Abdeslem Boukhtouta Ph.D.
Senior Defense Scientist at the Defence Research and Development Canada-CORA

Dr. Boukhtouta is currently a senior defence scientist at the Defence Research and Development Canada – Centre for Operational Research and Analysis.  He earned a Ph.D. degree from the decision system and operations department, Laval University, and holds a MS degree in Civil Engineering from Sherbrooke University, both from Quebec, Canada. He is part of various national and international research and development programs involving academia, industry and government organizations. He led different projects for Canadian Department of National Defense (DND) and he is a Subject Matter Expert providing advice to senior decision makers about innovation and disruptive technologies. His research interests include operations research and stochastic dynamic programming related fields, applied to defense logistics, planning, routing and scheduling problems. Dr. Boukhtouta coauthored a scientific book and many technical publications.

 


Semantics supporting proportionality in crisis management

Managing the balance between escalation and business continuity in densely populated area’s based on improved information management performance.
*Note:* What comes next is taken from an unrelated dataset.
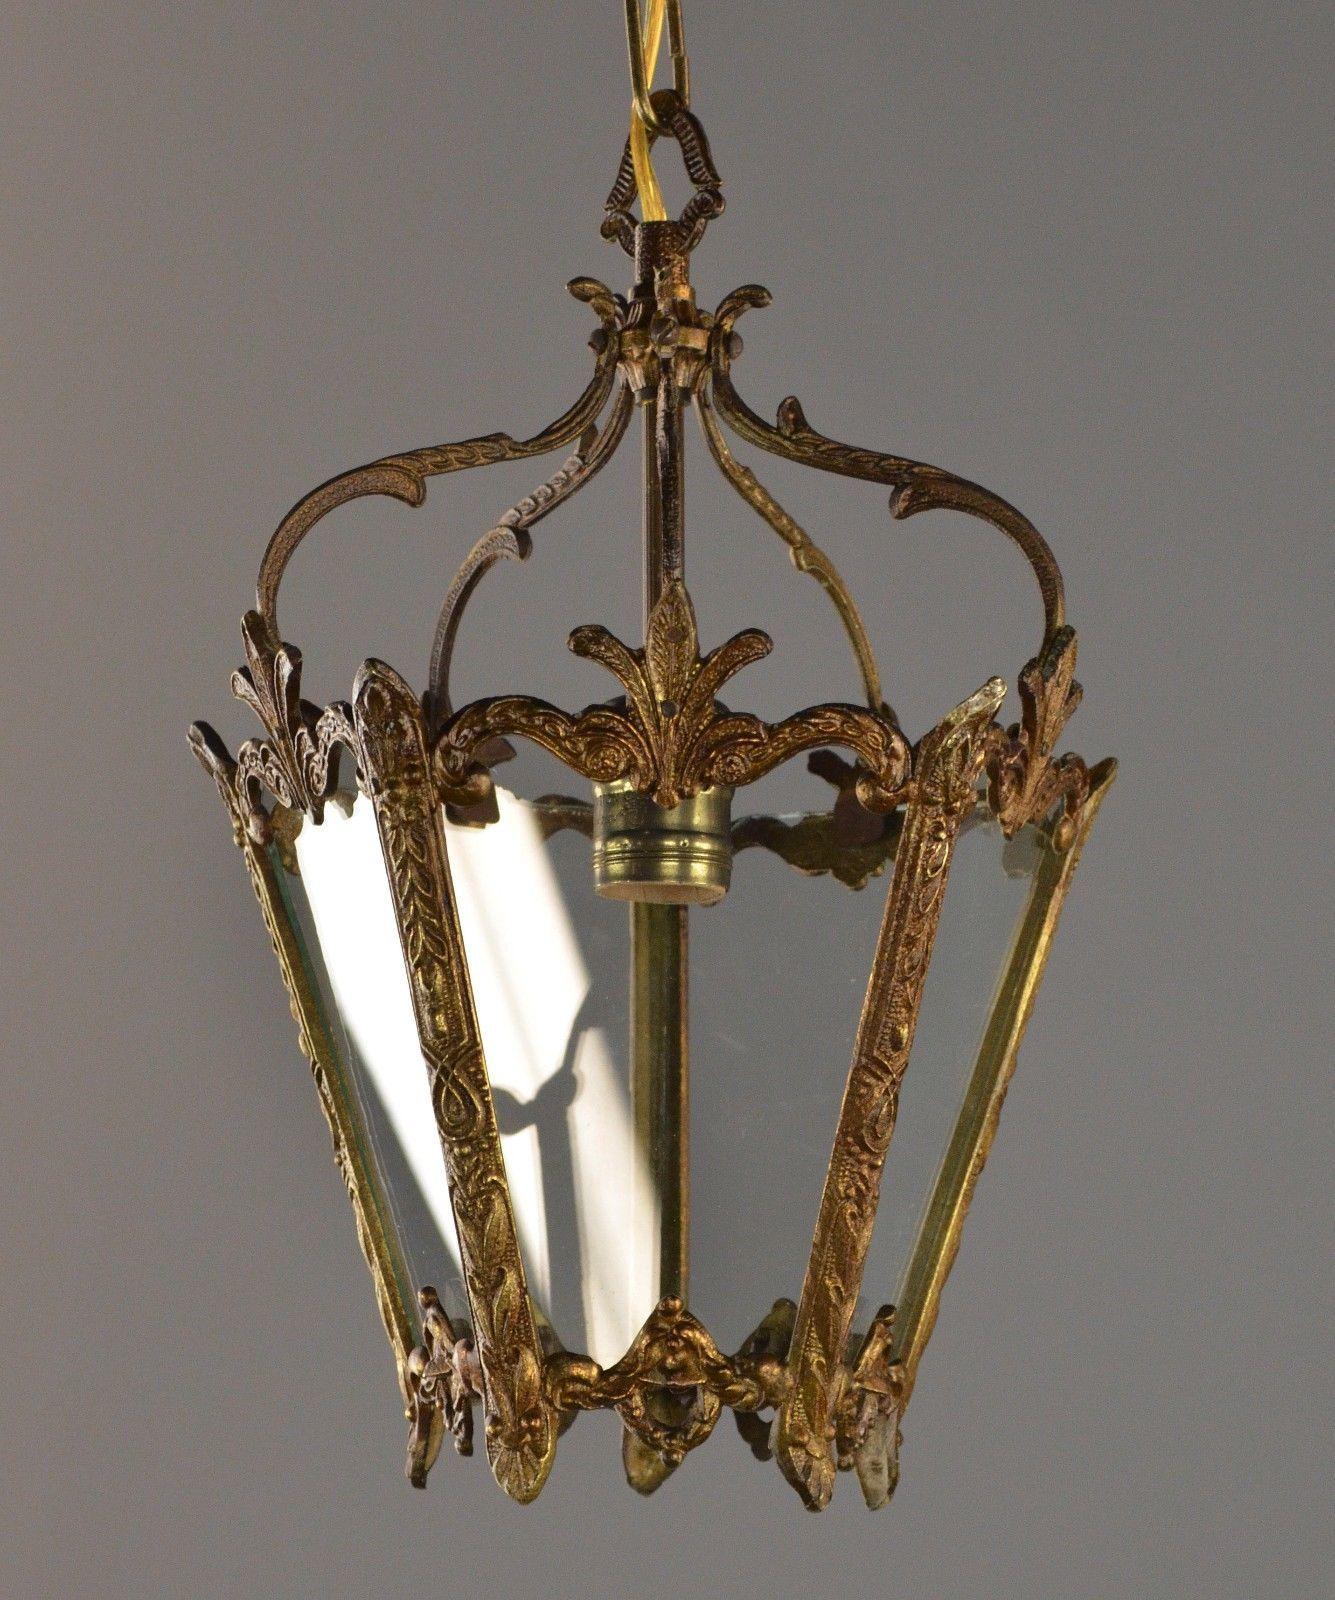 Antique Chandelier Lantern Pendant Light Restored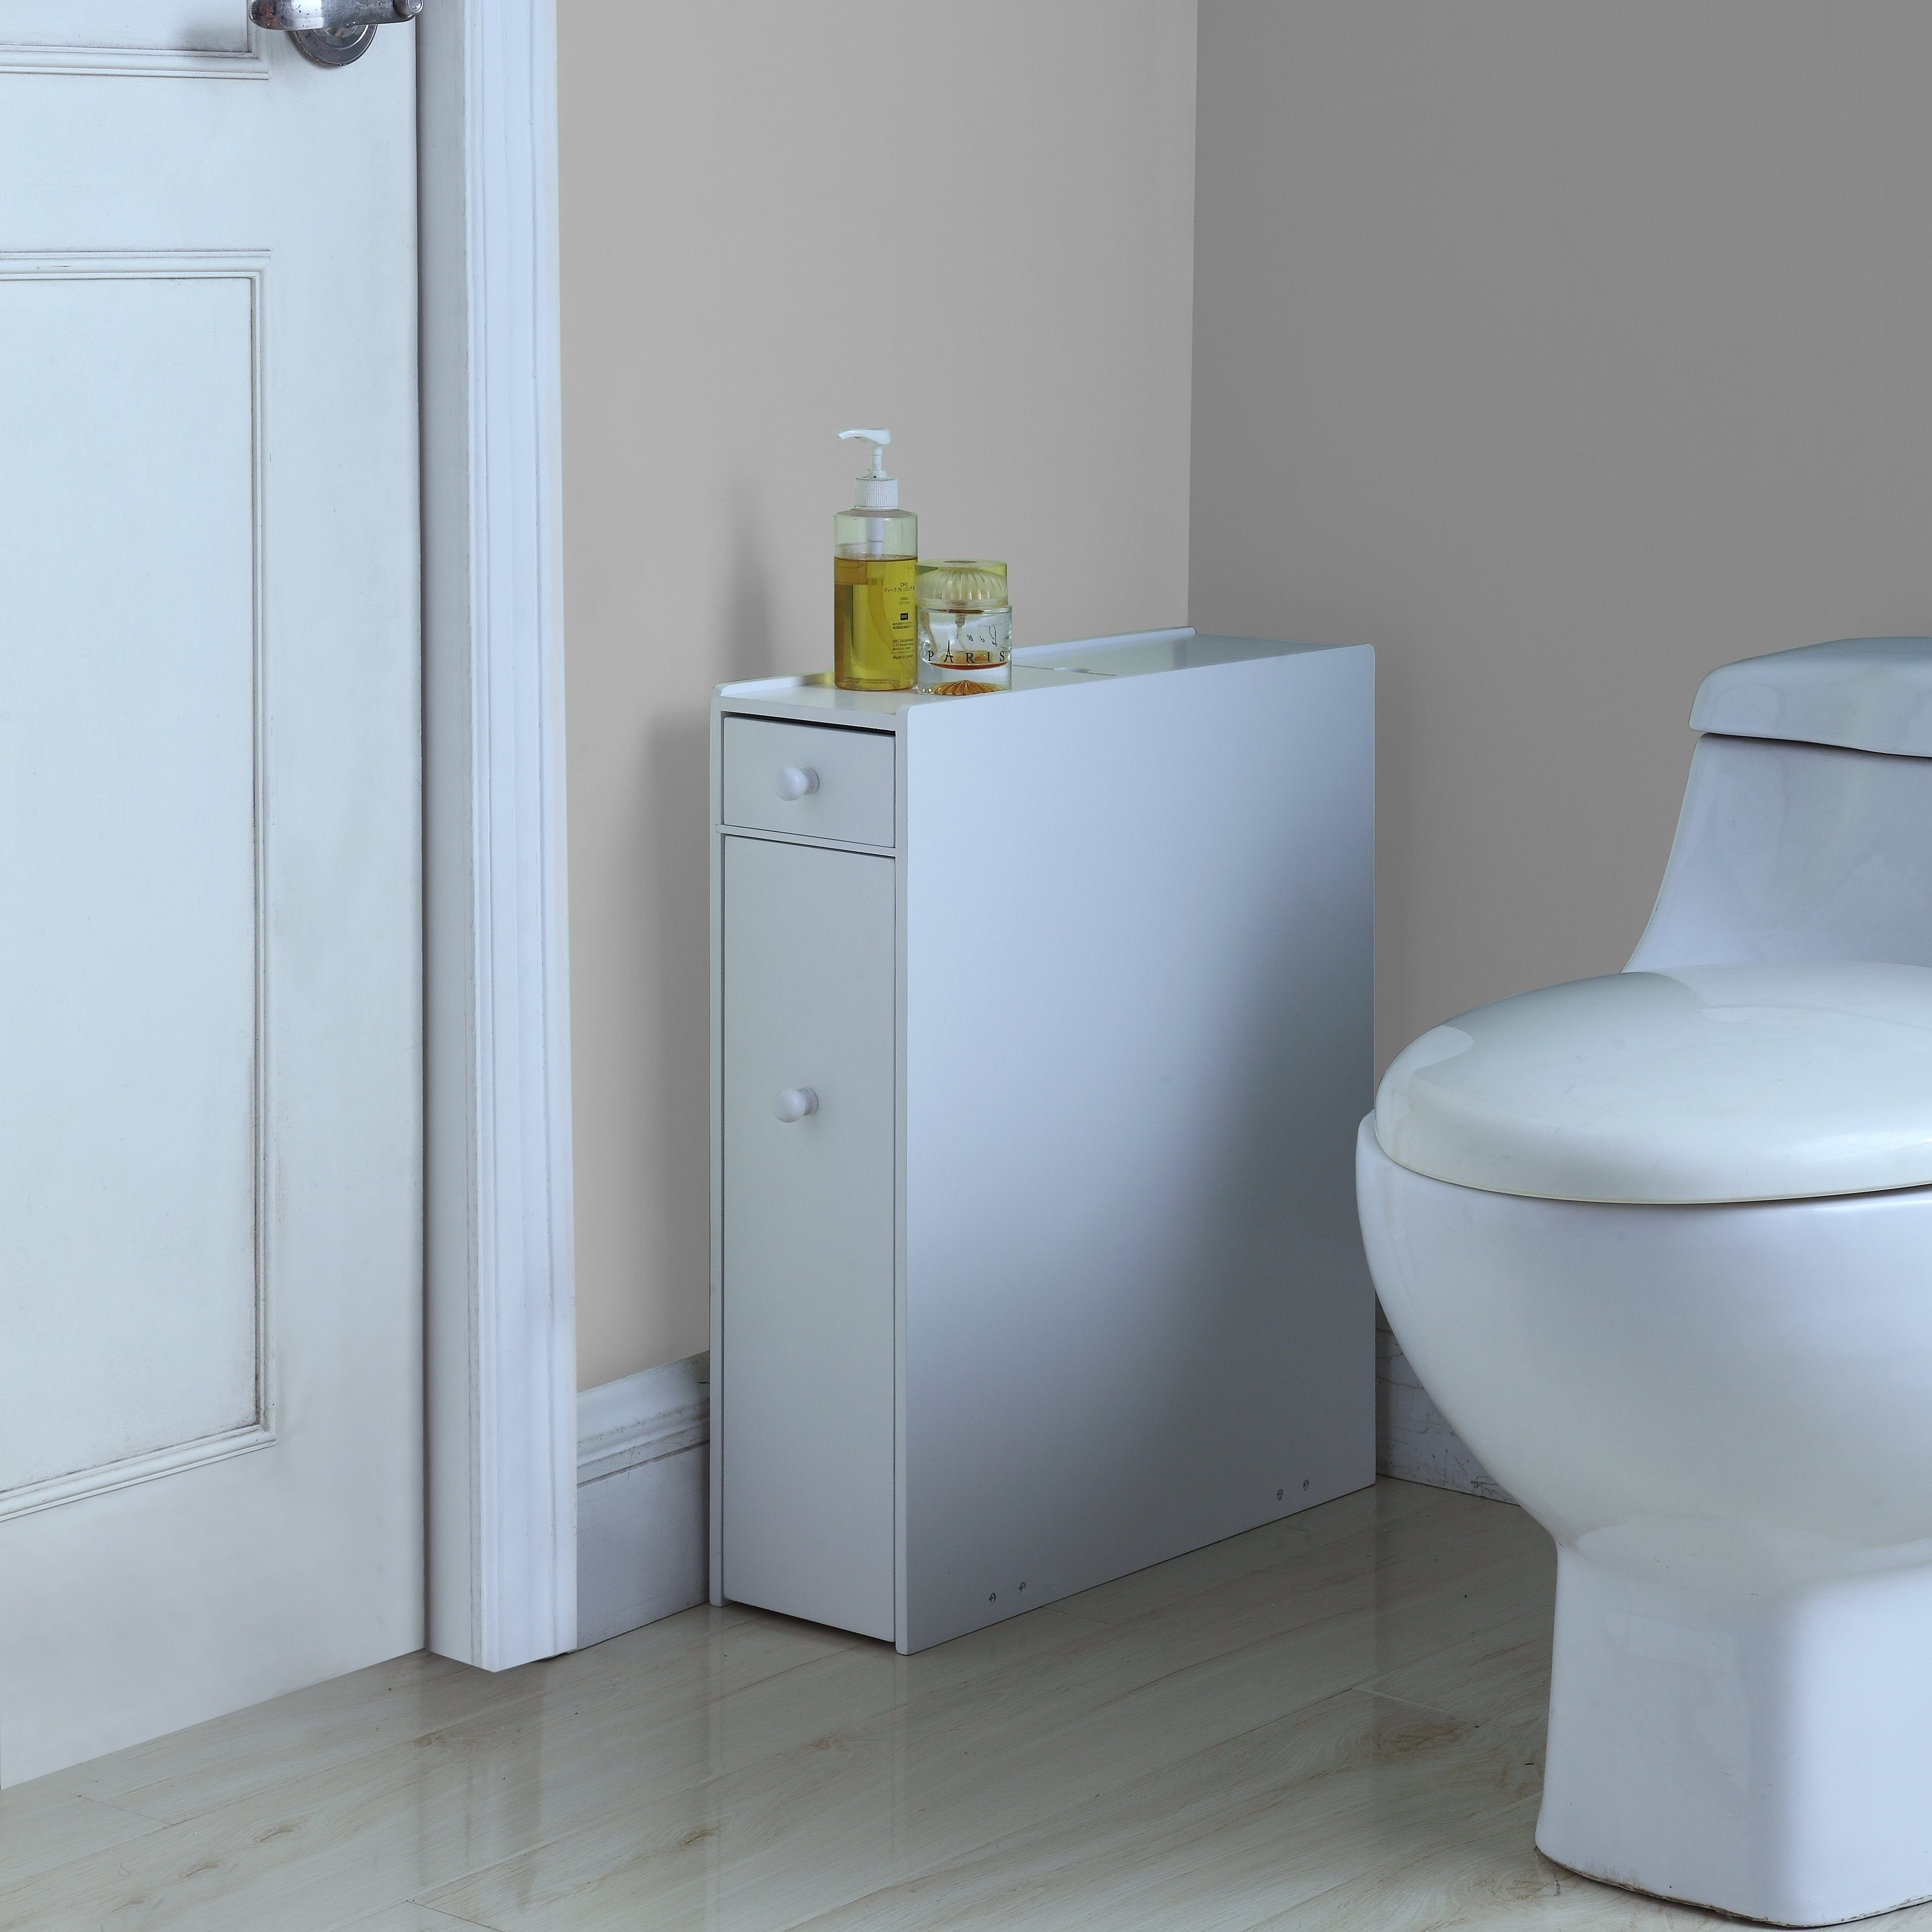 Floor Cabinet Bathroom Furniture | Find Great Furniture Deals ...

The availability of data about vulnarable objects, such as hospitals, child care centres, elderly care homes, shelters, about effect escalation data such as chemical storages and data about transportation of dangerous goods over land and over water and even the data about water supply for fire brigade trucks does not occur by it self. To achieve a minimum level of quality of that data requires constant care and maintenance and explanation about the necessity of such data exchange. The practitioners in the Dutch Safety regions recognise the need for readily available data and therefore they invest constantly in data availability. It is a hard to justify these costs to inside managers and to outside data owners until it is too late. The scientist could help the practitioners with clear metrics that clarify reasonable efforts

The research question implied is whether information management performance can be measured. The speaker’s position is, that – unlike with ICT performance measurement in general – in the case of crisis management  there is a better basis for a metric for information handling. Over the years as an officer on duty and as system designer, dr. Peters worked on decomposition and analyses of  the causal relation between the data made available and its effect on the ‘common operational picture’. He will present several real-life instances of incidents and simulations of incidents where improved technical support and improved data availability in turn improved the Netcentric shared visualisation of the trigger event, its effects and the mitigation actions over time. The claim is that proportionality and improved metrics would better justify preparation and data sharing before incidents occur, thereby enabling better crisis management when it happens.

Rob Peters Ph.D.
Schiphol Safety Region

Rob Peters has been crisis information officer for the Dutch Schiphol Safety Region at Silver and Gold level for the last seven years. He initiated the Dutch information sharing reference architecture for all Dutch Safety regions. Together with the Dutch National expert team, he chaired most efforts in improving and integrating the National crisis management system (LCMS) with geo-data sources, real time sensor data, the different dispatch systems, the flooding monitoring systems and other sources such as Corporate or transport data.  His team was especially focussed on the design of semantic cross-sector integration. In 2017, Rob received the Digital Government Excellence Award for the design of a crisis management platform that enabled more balanced trade-offs between societal continuity and crisis decision making. Rob has been involved or leading in over 8 European research projects, 4 of which were related to disaster management.   He earned a PhD on geographic representation of legal constraints in spatial planning from the University of Amsterdam in 2016.